Long Night of the American Dream
by Martin Dockery
Concrete Drops Theatre - New York, NY
 http://MartinDockery.com
V.5 - Alloway Hall - Manitoba Museum 
Best new play of the year! An exciting, divisive, heartfelt, ridiculous, enraging, funny and head-spinning two-person play about the spasmodic slumber and voluptuous visions of a knackered nation. Directed by Vanessa Quesnelle, performed by Andrew Broaddus and Martin Dockery (winner of over 50 festival awards from 15 years of touring). Previous shows by Martin Dockery: The Stakeout, The Sex Life of Butterflies, Moonlight After Midnight, and many more. Also currently at this year's Fringe: Every Good Story Ends With One.
A world premiere.

Cast:
Andrew Broaddus & Martin Dockery

Director:
Vanessa Quesnelle

   
Show Info:
75 Minutes
Genre:
Play-Dramedy

Audience:
General



Thu July 20 2:45 PM*
*(2 for $12)
Sat July 22 8:15 PM
Sun July 23 11:15 AM
Mon July 24 3:00 PM
Thu July 27 9:45 PM
Fri July 28 6:15 PM
Sat July 29 2:45 PM
Sun July 30 12:30 PM+
+ASL Interpretation

Long Night of the American Dream

Concrete Drops Theatre—Alloway Hall – Manitoba Museum

This play, like Waiting for Godot, goes in circles and the plot, if there is one, is muddled and takes the form of an ongoing argument between two brothers about the play itself and each other’s roles and failures. The alleged play never happens, unless what we are experiencing IS the play, which seems more likely after one of them finds a manuscript about two brothers having an ongoing argument about a play which they are meant to be following. It’s like being in a chamber of mirrors. You’re not sure if what the actors are saying is what they are saying as actors discussing the play they are about to perform, or it is part of the newly discovered script they are now following. In fact they don’t seem to know themselves. This weird uncertainty, and the brothers’ sibling rivalry leads to a lot of dark humour and lots of laughs. But references to the divisions within American society start sneaking into the back-and-forth between the brothers, topics like immigration, abortion, guns, and contested elections. The brothers start to resemble the irreconcilable poles of American society. They sort of reconcile at the end, but not really, which seems to be the point.

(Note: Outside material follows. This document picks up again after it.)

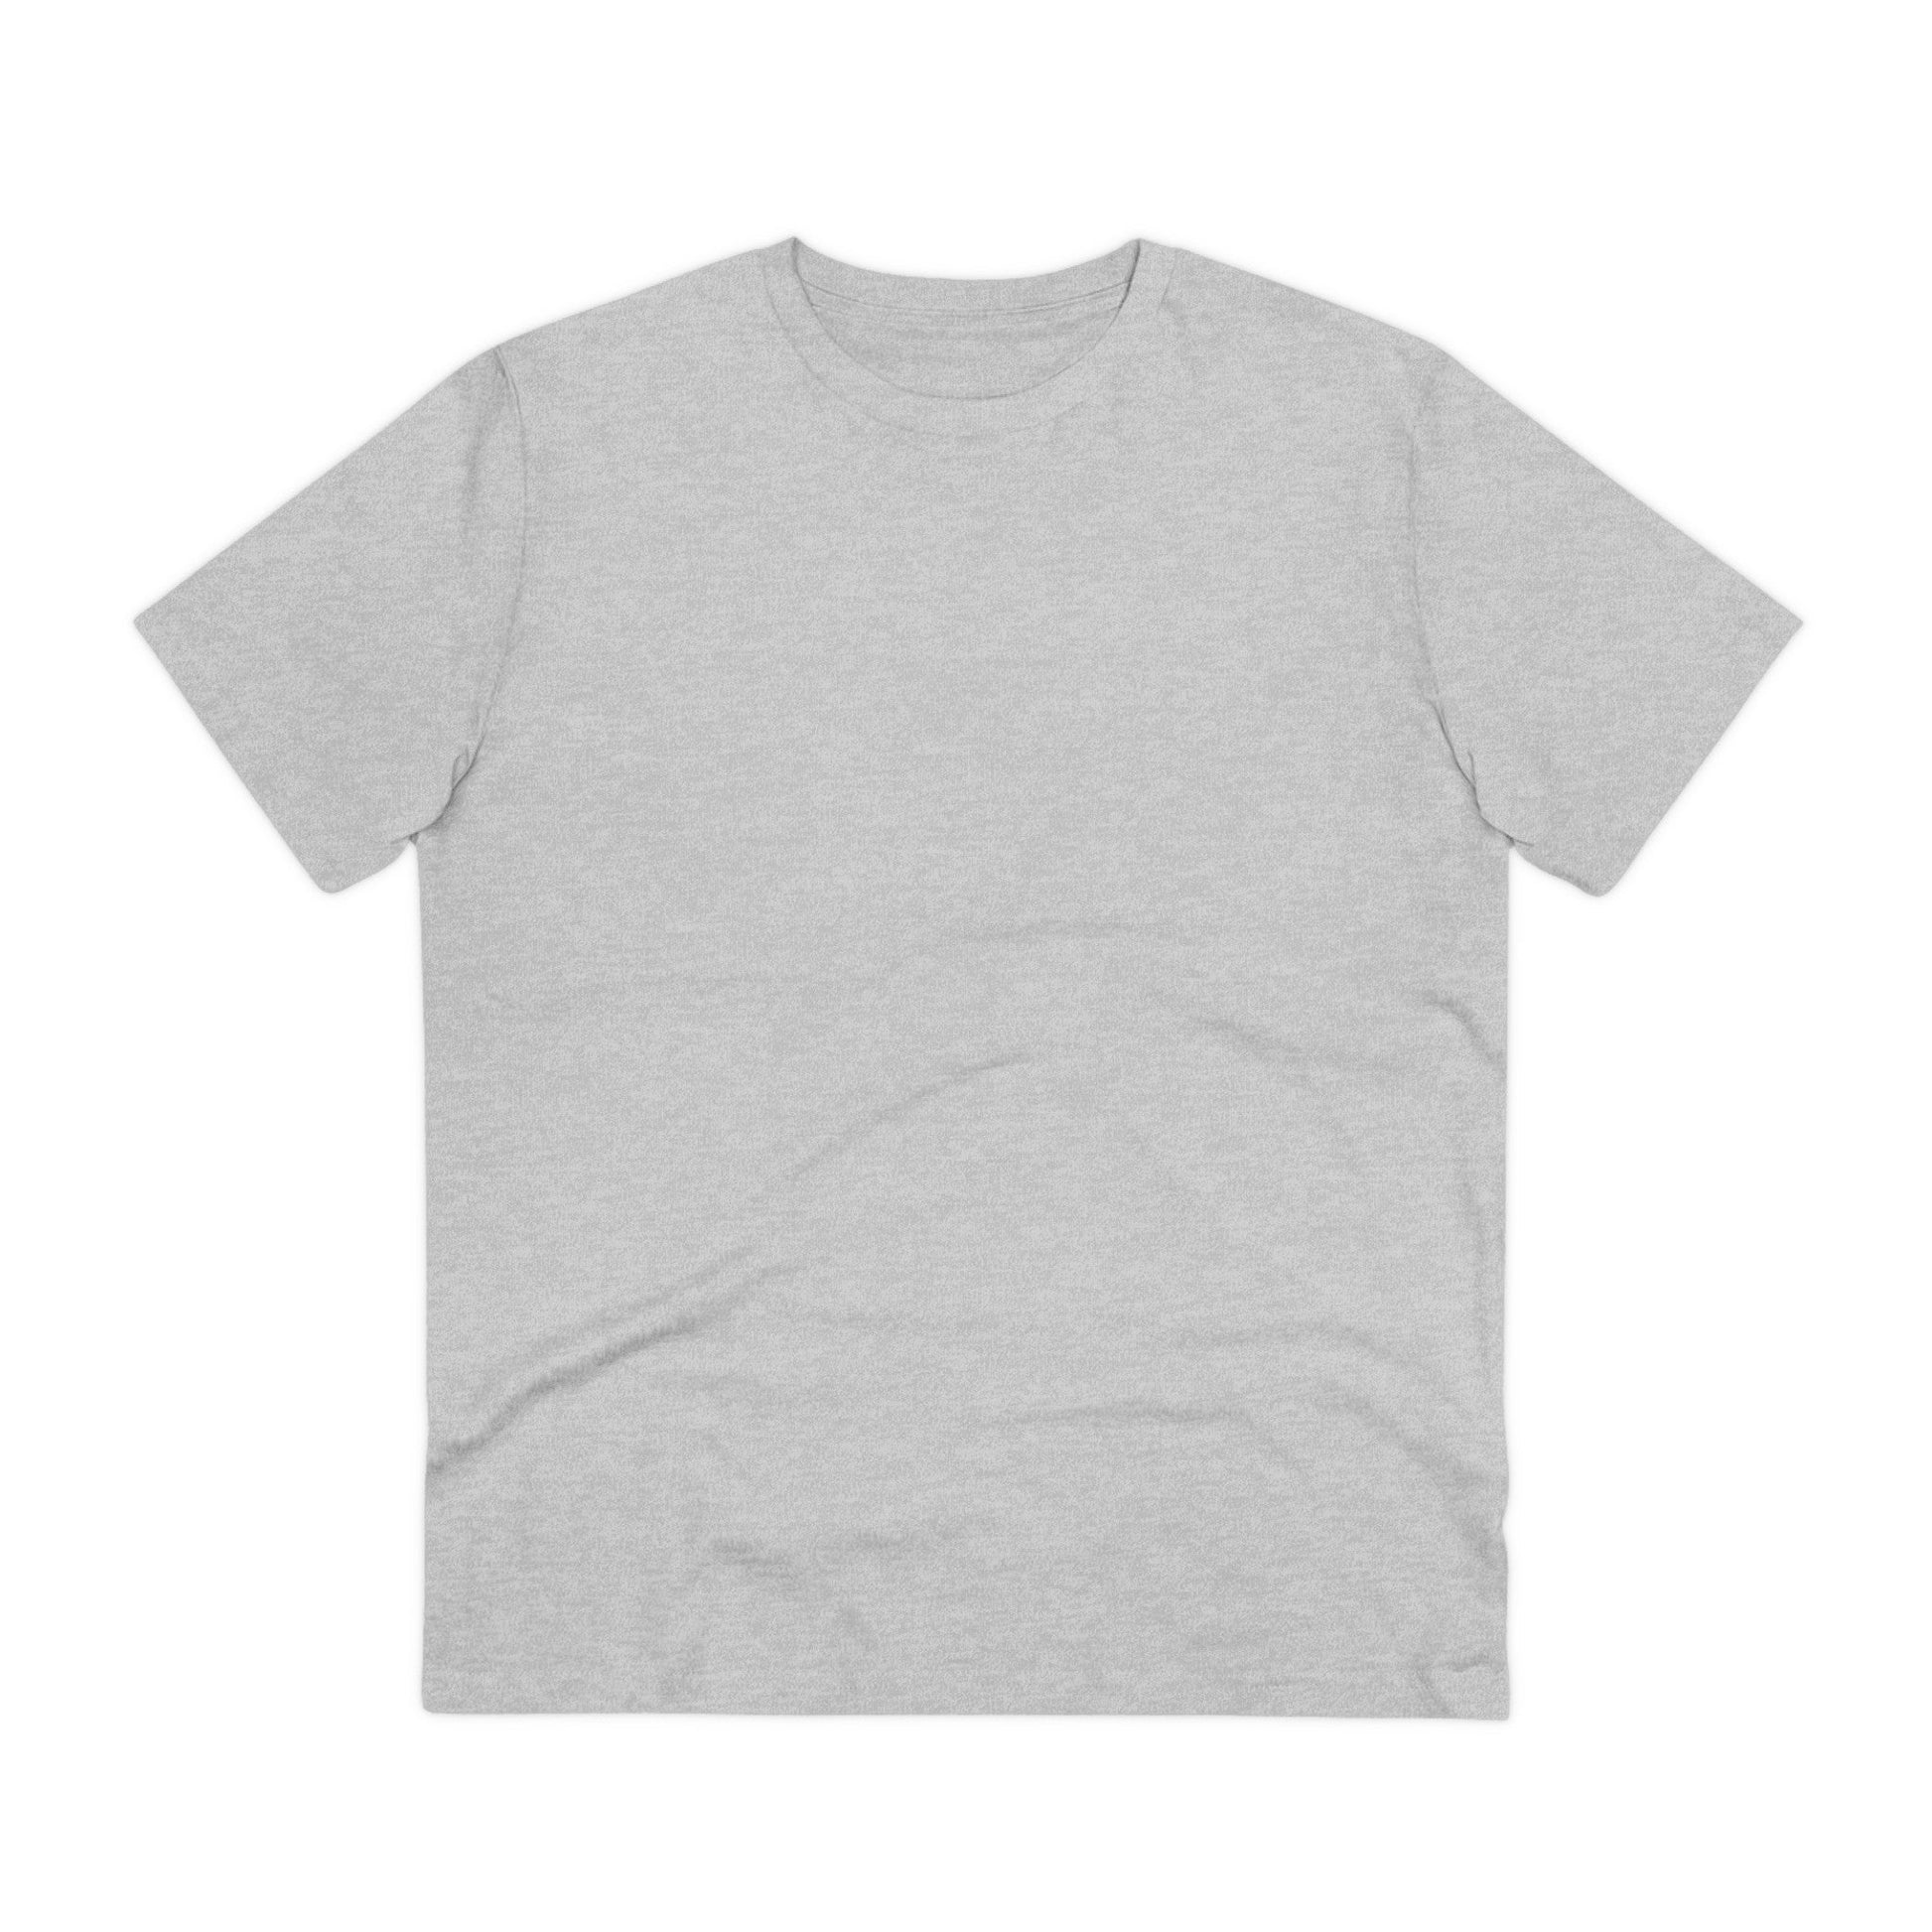 Printify T-Shirt Dream Chasing - Streetwear - Gods Way - Back Design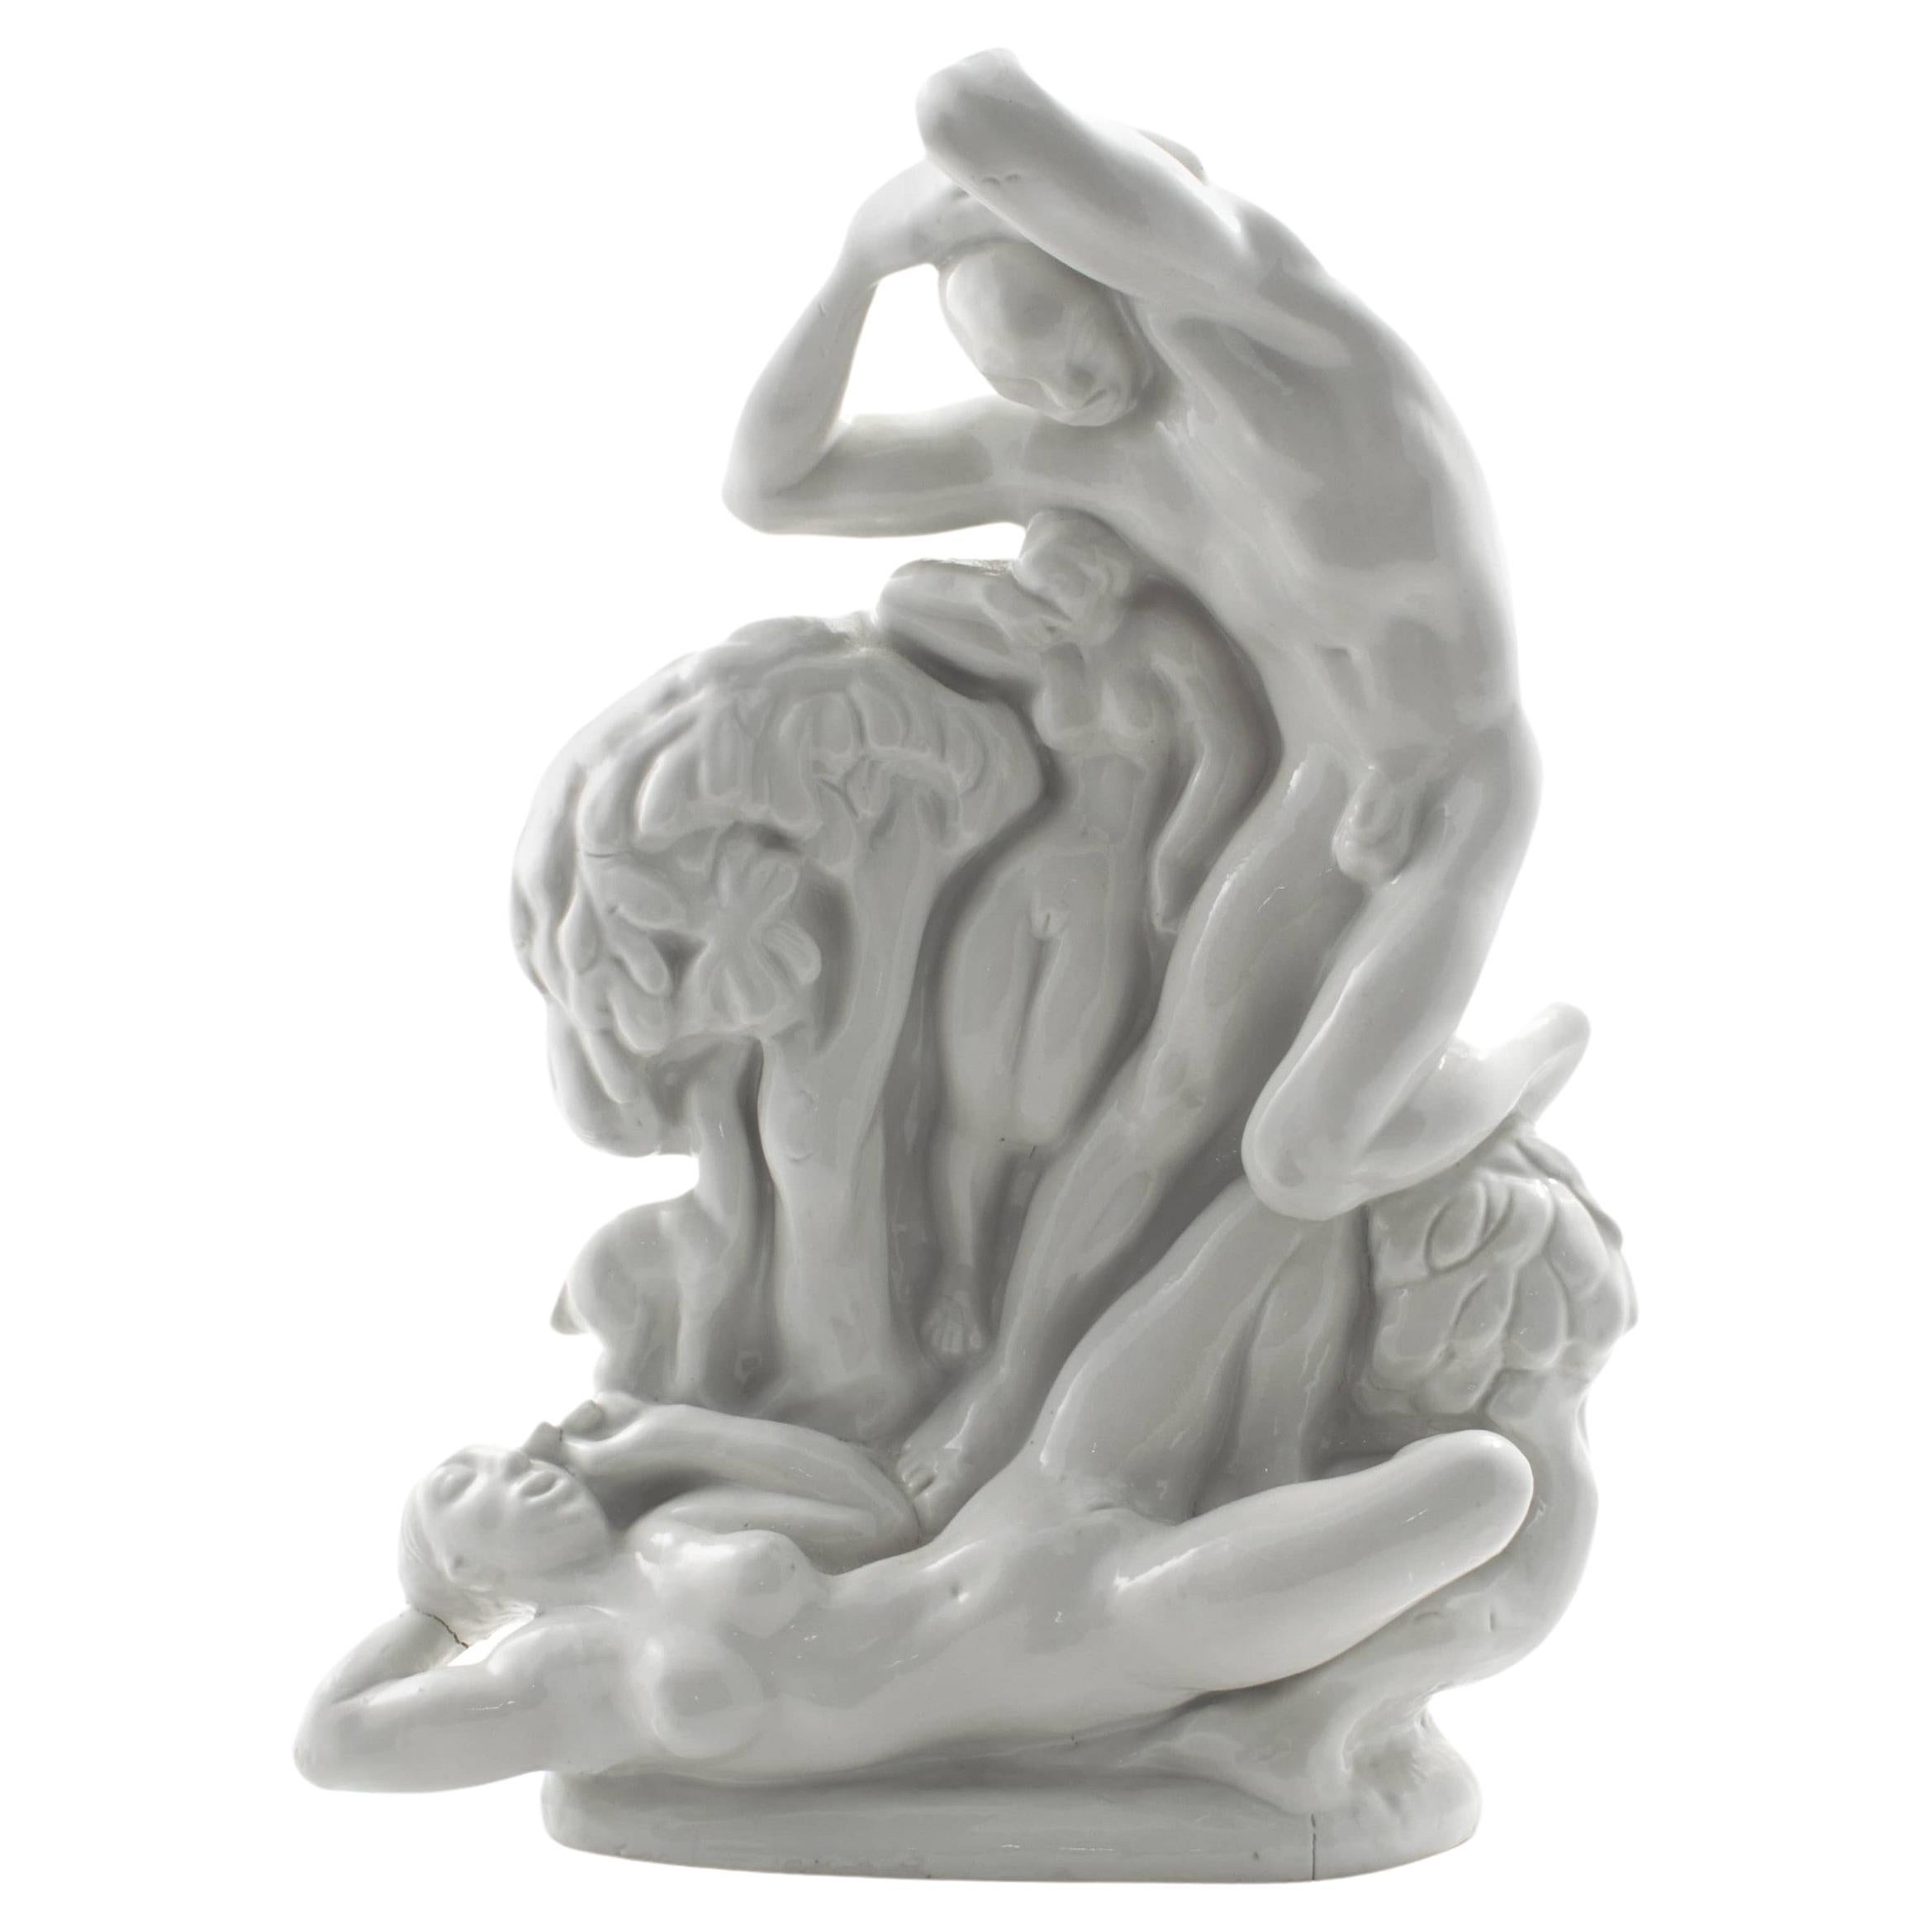 Kai Nielsen Sculpture "Zeus & Lo"

Throughout, the actors are amazingly able to maintain our uncertainty about whether they are actually acting in a play, or not. They tease the audience with pregnant pauses which falsely promise a return to an actual script and theatre norms, which never happens. In the end we have to accept that what we have witnessed is a play, the essence of which is a glancing critique of American society. And as in Sartre’s No Exit, it suggests that Americans have made their own kind of hell.

Jeremy Hull


Long Night of the American Dream

Concrete Drops Theatre—Alloway Hall – Manitoba Museum

Martin Dockery is back with a new script for him and (his bro?) Andrew Broaddus and directed by Marty’s wife Vanessa Quesnelle. Now they came here with a script, he came with a script…sort of. They, he, him explain the whole play, in a play about 2 actors playing 2 actors that are supposedly brothers in real life learning a script. To the point you want pull your hair out! It’s two squabbling actors acting…with a script or no script? The chemistry…or no chemistry?

You decide…you have to go through it with them to decide. Decisions, decisions, decisions!

Kevin Campbell


Long Night of the American Dream

Concrete Drops Theatre—Alloway Hall – Manitoba Museum

A show about a show about a show. For any fans of Martin Dockery, this is an absolute must see. Featuring the same cast and director as last year’s The Stakeout, Andrew Broaddus and Martin Dockery, with Vanessa Quesnelle directing, the same meta impulses are on full display to great effect. Without getting into any spoilers, the dialog is superb, an extremely strong back and forth patter with constant callbacks and repeated motifs, and the characters reveal a ton of depth over the show’s progression that is hidden by the show’s seemingly simple structure and character beats. Superb, and definitely one that both deserves to sell out every performance, and will, reader beware.